Subordinate Secretaries of the Navy, Air Force and Army are nominated and approved via Congressional hearings.

President-elect Obama has yet to nominate any LGBT people to his Cabinet, though he did name the openly lesbian deputy Mayor of Los Angeles, Nancy Sutley, as Chair of his Council on Environmental Quality in the White House.

The gay ban, known as Don’t Ask, Don’t Tell, came into force in 1993.

President-elect Obama has said he wants to repeal it.

The current Chairman of the Joint Chiefs, Admiral Mike Mullen, has indicated that DADT is likely to be repealed.

If army personnel are discovered to be LGB then they are sacked, but commanding officers are not allowed to ask about their sexual orientation.

In the past 15 years more than 12,500 personnel have been dischared under DADT.

“The President-elect’s been pretty clear that he wants to address this issue,” Admiral Mullen said an interview about his meeting with President-elect Barack Obama in Chicago last month.

“I am certainly mindful that at some point in time it could come.”

In May Admiral Mullen said that Congress is responsible for the ban on openly lesbian, gay and bisexual Americans from military service.

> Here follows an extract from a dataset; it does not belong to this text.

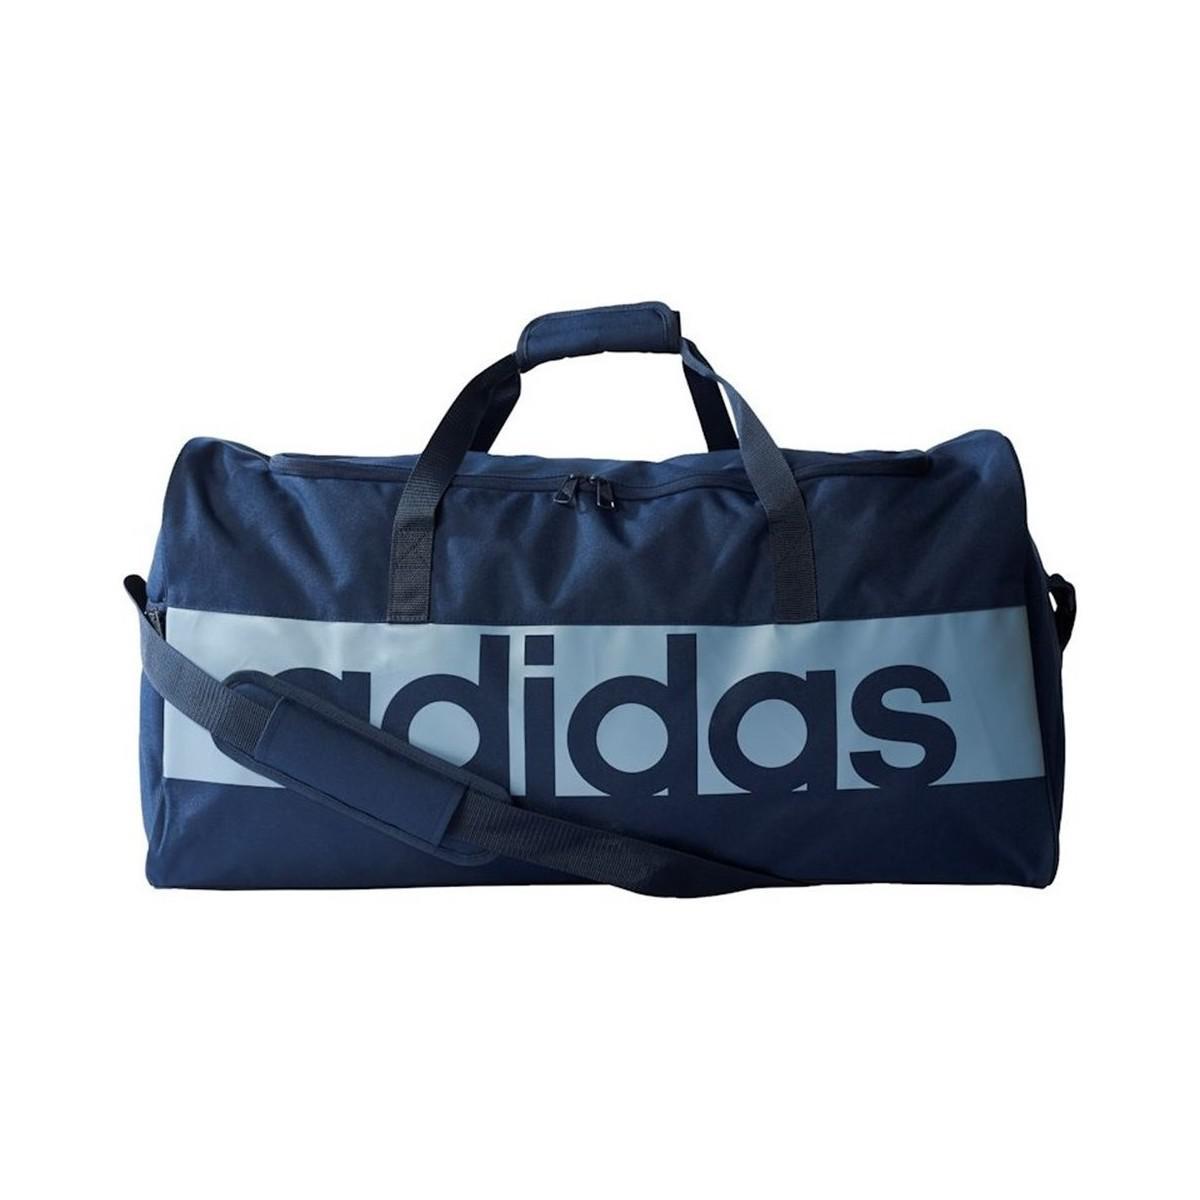 09b3f082784c Adidas Lin Per Tb L Women s Sports Bag In Multicolour in Blue for ...

Speaking to graduating cadets at West Point military academy, Admiral Mike Mullen said that Don’t Ask, Don’t Tell is a law that the Armed Forces follow.

“Should the law change, the military will carry that out too,” he said.

President-elect Barack Obama backs repeal.

A statement on civil rights posted on the Presidential transition website states:

“Barack Obama agrees with former Chairman of the Joint Chiefs of Staff John Shalikashvili and other military experts that we need to repeal the Don’t Ask, Don’t Tell policy.

“The key test for military service should be patriotism, a sense of duty, and a willingness to serve.

“Discrimination should be prohibited. The US government has spent millions of dollars replacing troops kicked out of the military because of their sexual orientation.

“Additionally, more than 300 language experts have been fired under this policy, including more than 50 who are fluent in Arabic.

“Obama will work with military leaders to repeal the current policy and ensure it helps accomplish our national defence goals.”